Week in review: Soybean rust spreads in Southeast

Aug 22, 2005 2:43 PM, By David Bennett

For those hoping Asian soybean rust had petered out, the week of Aug. 15 wasn’t a good one.

While still not the explosive disease many feared, the rust continued to spread in the Southeast. The latest infected sites are the northern-most yet discovered.

South Carolina

On Aug. 16, South Carolina was confirmed as the latest stop for the disease. As the season has progressed, soybean producers in the state watched the disease creep through neighboring Georgia and wondered when it would leap the border.

“No one has to wonder anymore,” said John Mueller, a Clemson University plant pathologist. “We’ve got it and I doubt anyone is shocked.”

The soybean rust was found in a commercial field in Hampton County. Hampton County is on the Savannah River “almost directly across” from Georgia’s Effingham County where rust was discovered earlier this summer.

The South Carolina soybean crop has both full-season soybeans and those planted after wheat. In the southern half of the state, the full-season beans are about three weeks from finishing.

“Some of the producers are spraying for pests and mixing in a fungicide, mostly a strobilurin. On the early-planted beans — which look really good, incidentally — that should hold them through to harvest.”

Many of South Carolina’s soybeans have already been treated with fungicides. “We’ve had an extremely wet year here — especially in the south-central part. We’ve had a lot of frogeye, septoria and downy mildew. So there’s already been fungicide spraying going on.”

Georgia

On the same day South Carolina confirmed rust, Georgia was discovering a new infected sentinel plot — this one in Putnam County. Two days later, on Aug. 18, rust was found in Plains (in Sumter County) in a sentinel plot at the Southwest Georgia Research and Education Center.

Nine Georgia counties are now known to harbor the rust. However, the disease is yet to be found in a commercial field. Few suspect that will remain the case.

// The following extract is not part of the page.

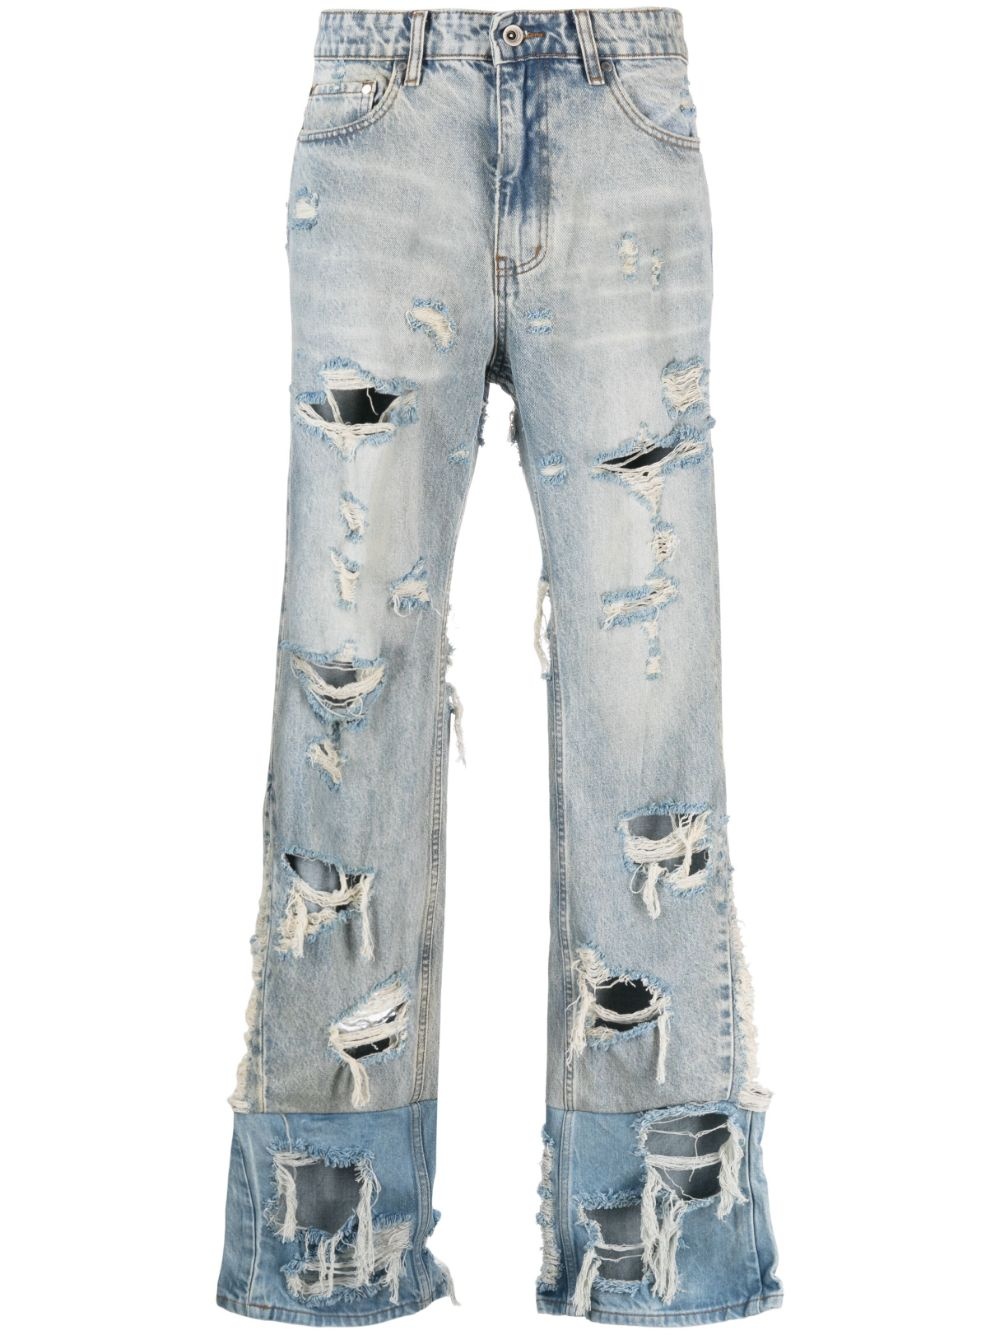 Gnarly distressed jeans - 1

“A continuing spread of the rust is a very reasonable expectation, especially if we stay in the current humid, rainy conditions,” said Phil Jost, University of Georgia Extension agronomist.

There have been showers somewhere on the Coastal Plain almost daily for weeks.

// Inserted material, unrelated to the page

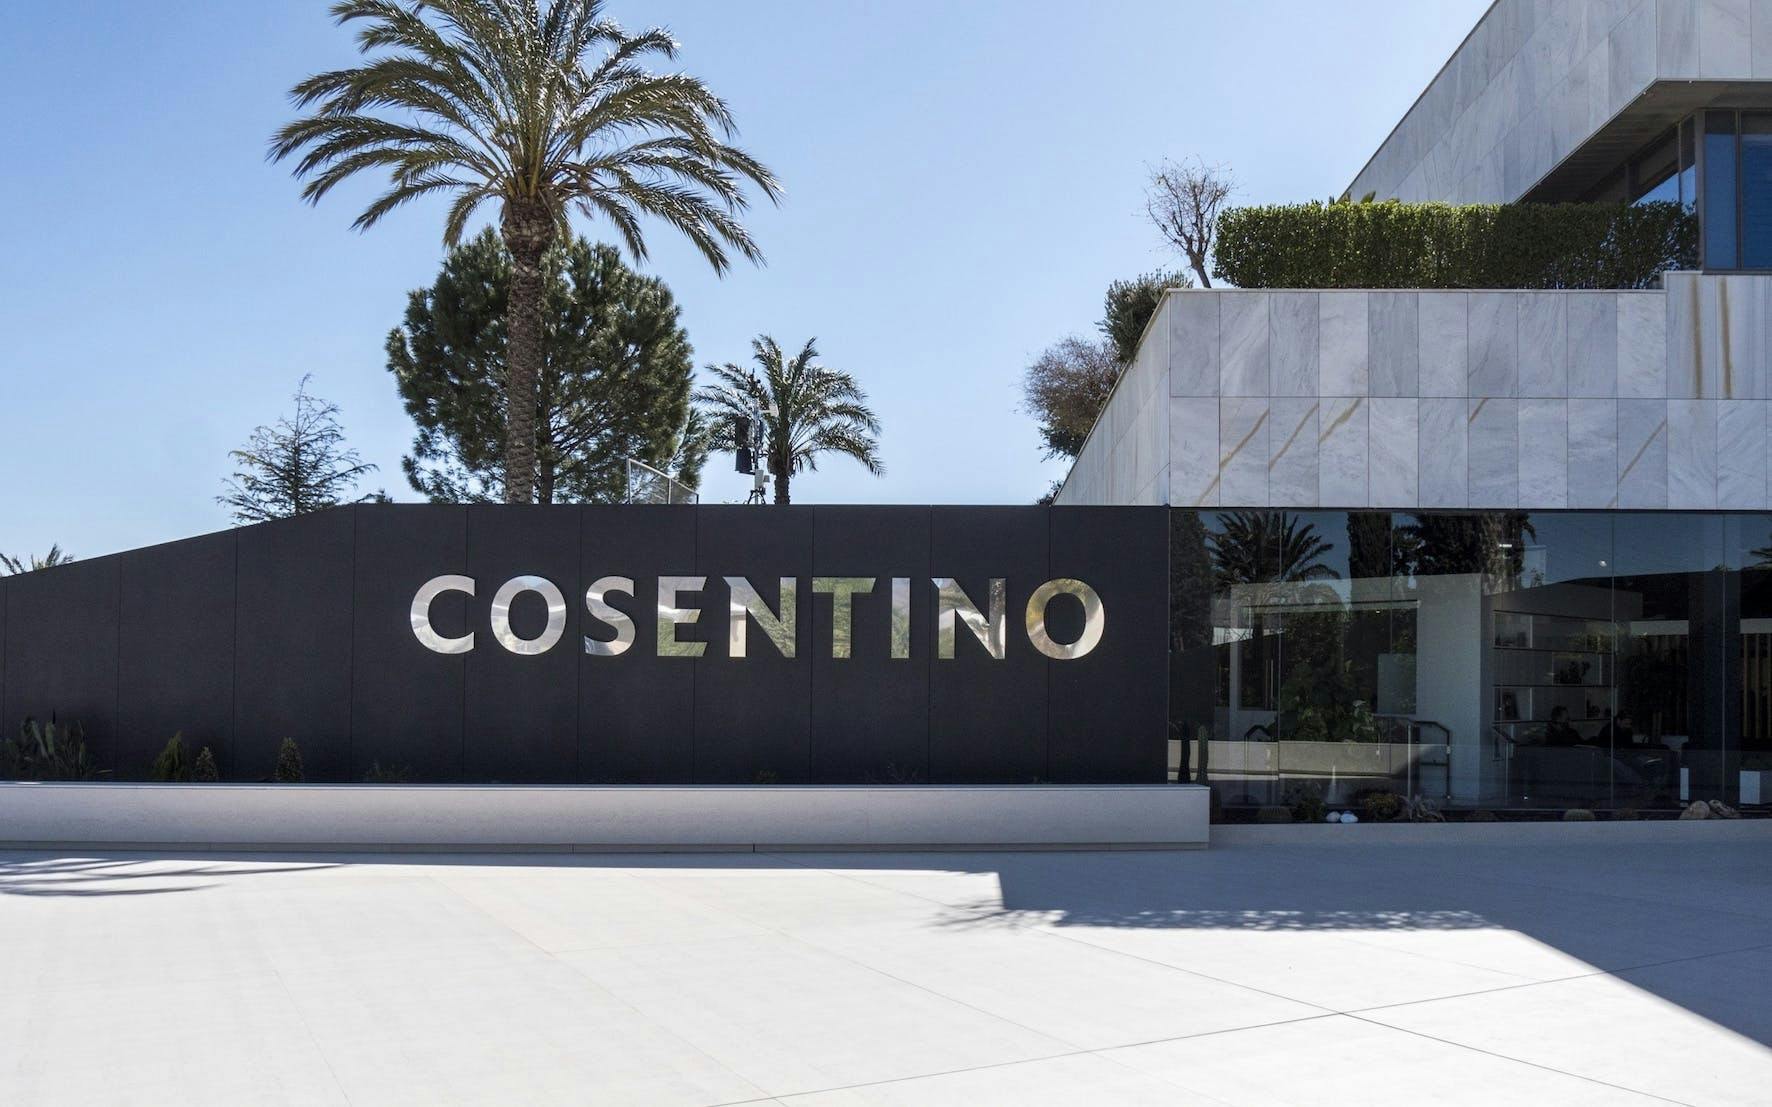 Image 31 of Entrada HQ Cosentino 1 8 in Cosentino Group reports strong results in 2020 - Cosentino

“Soybeans like a good shower but so does rust. And there are several tropical storms threatening. Our beans’ growth stage in conjunction with the weather points to rust building. Those factors are helping this problem get worse.”

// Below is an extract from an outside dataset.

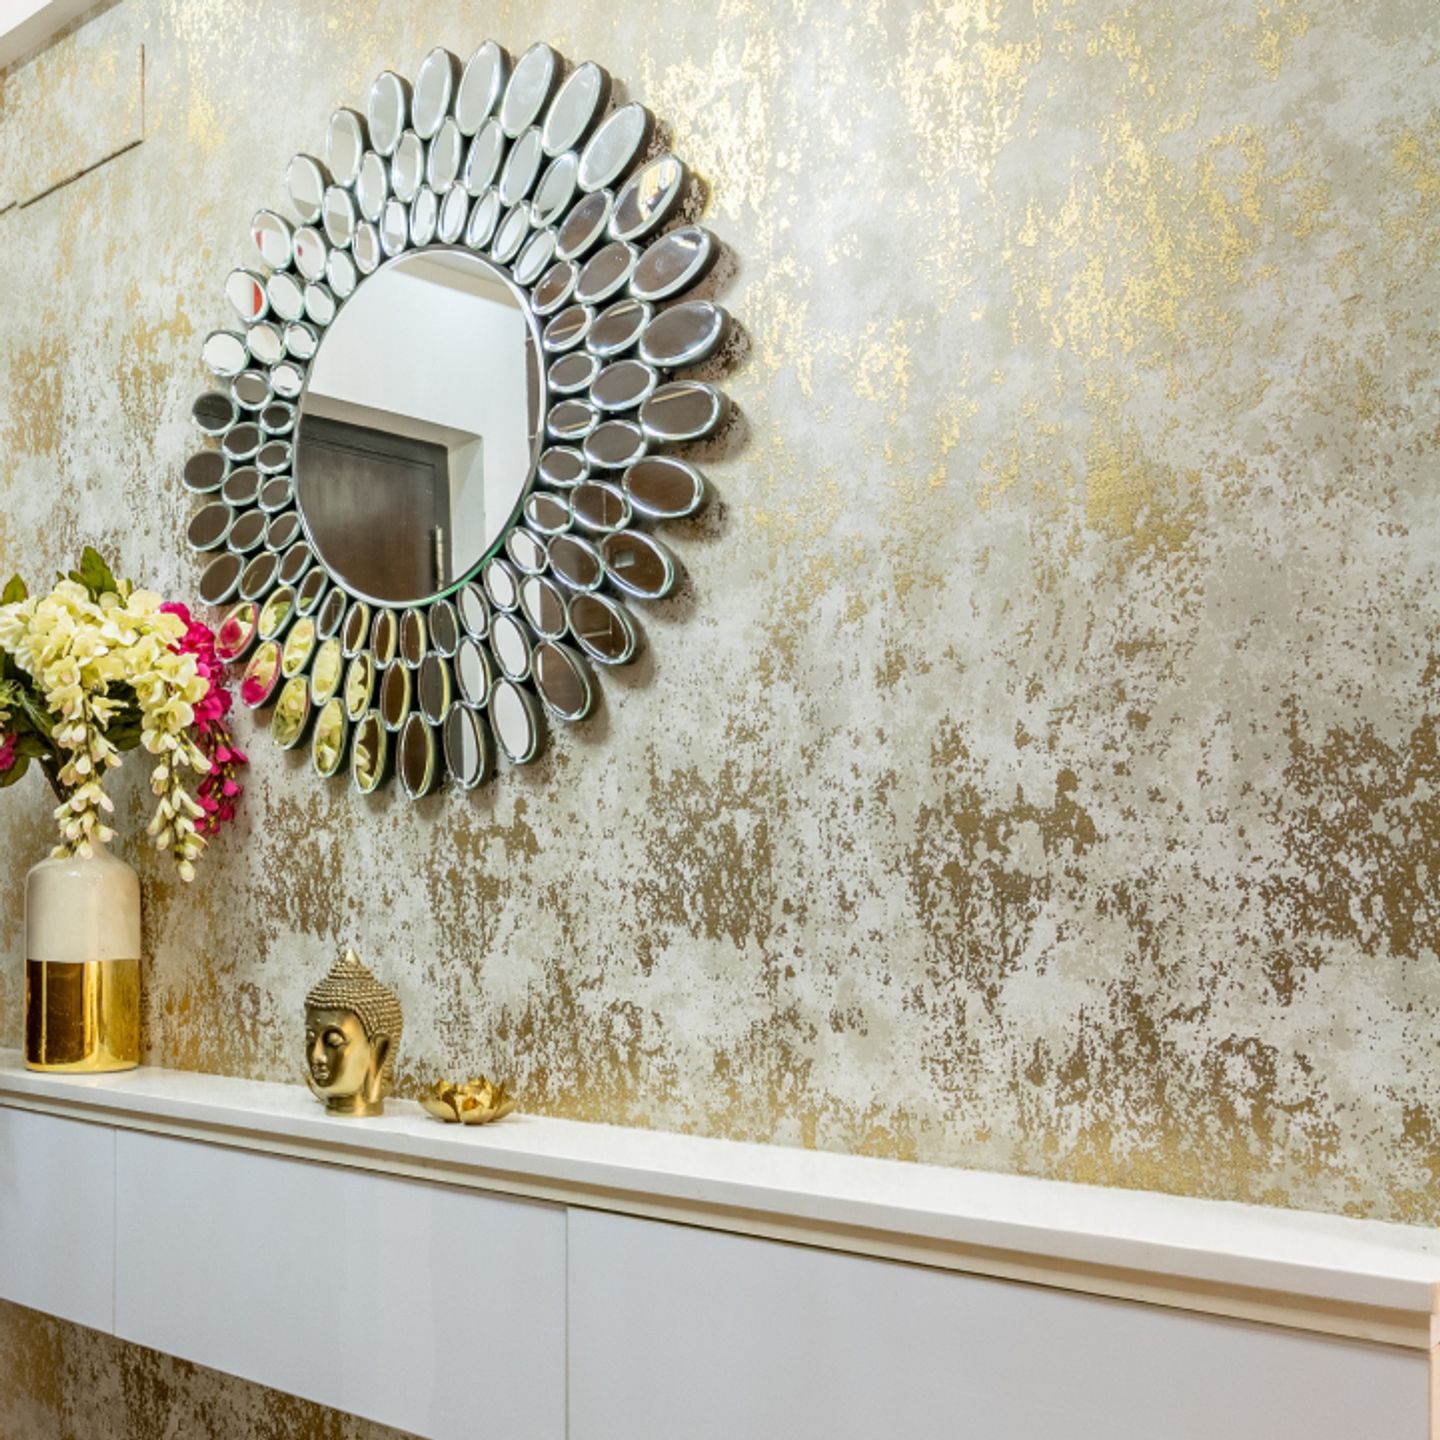 Exposed Concrete Wall Paint With A Framed Mirror - Livspace

The majority of Georgia’s crop is just beginning to bloom heavily. Beans are weeks away from finishing.

“Obviously the inoculum is building and spreading,” said Jost. “Our beans, in the next few weeks, are going to be in susceptible stages. Producers need to get a fungicide — a combination strobilurin and triazole — out. That combination will provide some curative action along with a couple weeks worth of residual protection.”

Alabama

In the early morning of Aug. 18, standing in a north Tallega County sentinel plot, Ed Sikora found soybean rust lesions on two leaves from R-6 plants. He then drove a mile down the road to a commercial soybean field outside Renfroe, Ala.

“The field is about 18 acres at R-3/R-4,” said Sikora, Auburn University Extension plant pathologist. “The grower allowed me to scout and I found a lesion on one leaf along the tree line.”

The lesion later proved to be rust. The field it was found in hadn’t been sprayed with a fungicide.

From Talladega County, Sikora traveled north and east to three other counties — DeKalb, Etowah and Calhoun. In them, he checked five commercial fields and three sentinel plots and found nothing suspicious.

Through August, Sikora anticipates new reports of rust movement every couple of days. “Favorable weather conditions are here but the problem doesn’t appear to be blowing up. I just see it continuing to spread slowly.”